Danielson and many other were disturbed that the post was “liked” by Filmed by Bike.
Filmed by Bike is a popular film festival and its founder Ayleen Crotty quickly found herself in the crosshairs of the controversy. Dirty Fingers is a supporter of Filmed by Bike and the shop hosted a film screening last year.
In a statement posted on Filmed by Bike’s Instagram account Yesterday, Crotty said she made a “mistake” and has learned from it. “I wasn’t thinking. I wanted to reach out and give our friends a virtual squeeze on the shoulder by ‘liking’ the post. Their post had some nice words in it about community connection. The post also had an image of a statement that is racist. The person who wrote that statement probably wasn’t considering it as racist, but it was. In liking the post, I perpetuated the racism.”

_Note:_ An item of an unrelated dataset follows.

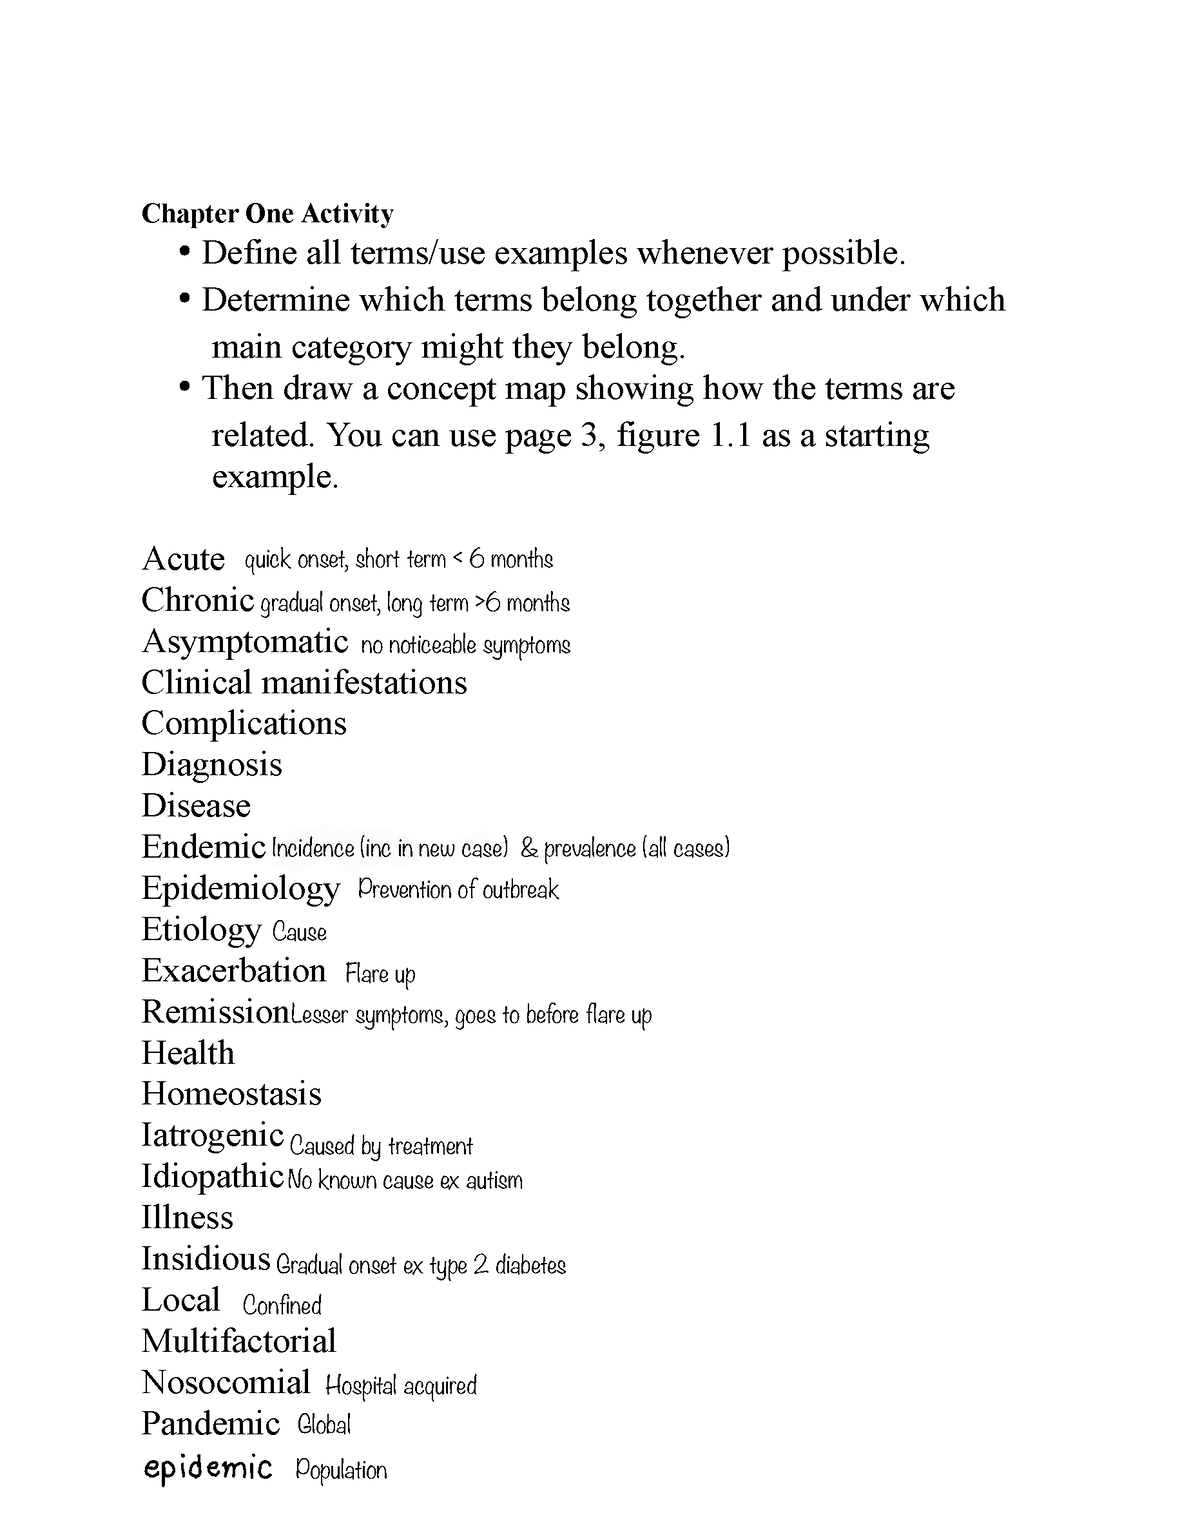 CH. 1 Terms & Concept Map - Chapter One Activity - Define all terms/use ...

Portland-based Sellwood Cycle Repair has organized an annual bike ride with Dirty Fingers for several years (I participated in 2017). “I’m struggling to reconcile Sellwood Cycle’s affiliation with Dirty Fingers,” Draper shared with me.
In a phone conversation this morning, Sellwood Cycle Repair owner Erik Tonkin said the post displayed “poor judgment”. “But I also think it doesn’t tell the entire story of the business and its owner.” Tonkin said the pandemic has put many people on edge. “I would say this is somebody not acting in the best possible way in a charged moment. I’m not excusing it, I’m trying to understand why these things happen.”
Is the post racist? “At face value? Sure. It is,” Tonkin replied, after a long pause. “It could easily be understood as that. If somebody were to tell me that’s a racist post, I wouldn’t argue with them about it.”
Dirty Fingers owner Buck assured me his shop isn’t racist. “We welcome everybody here,” he said. As for what he’s learned from the experience, Buck said, “I’ve learned to be more sensitive about what we put up… Especially at this time and we certainly are not trying to hurt our Asian-American friends.”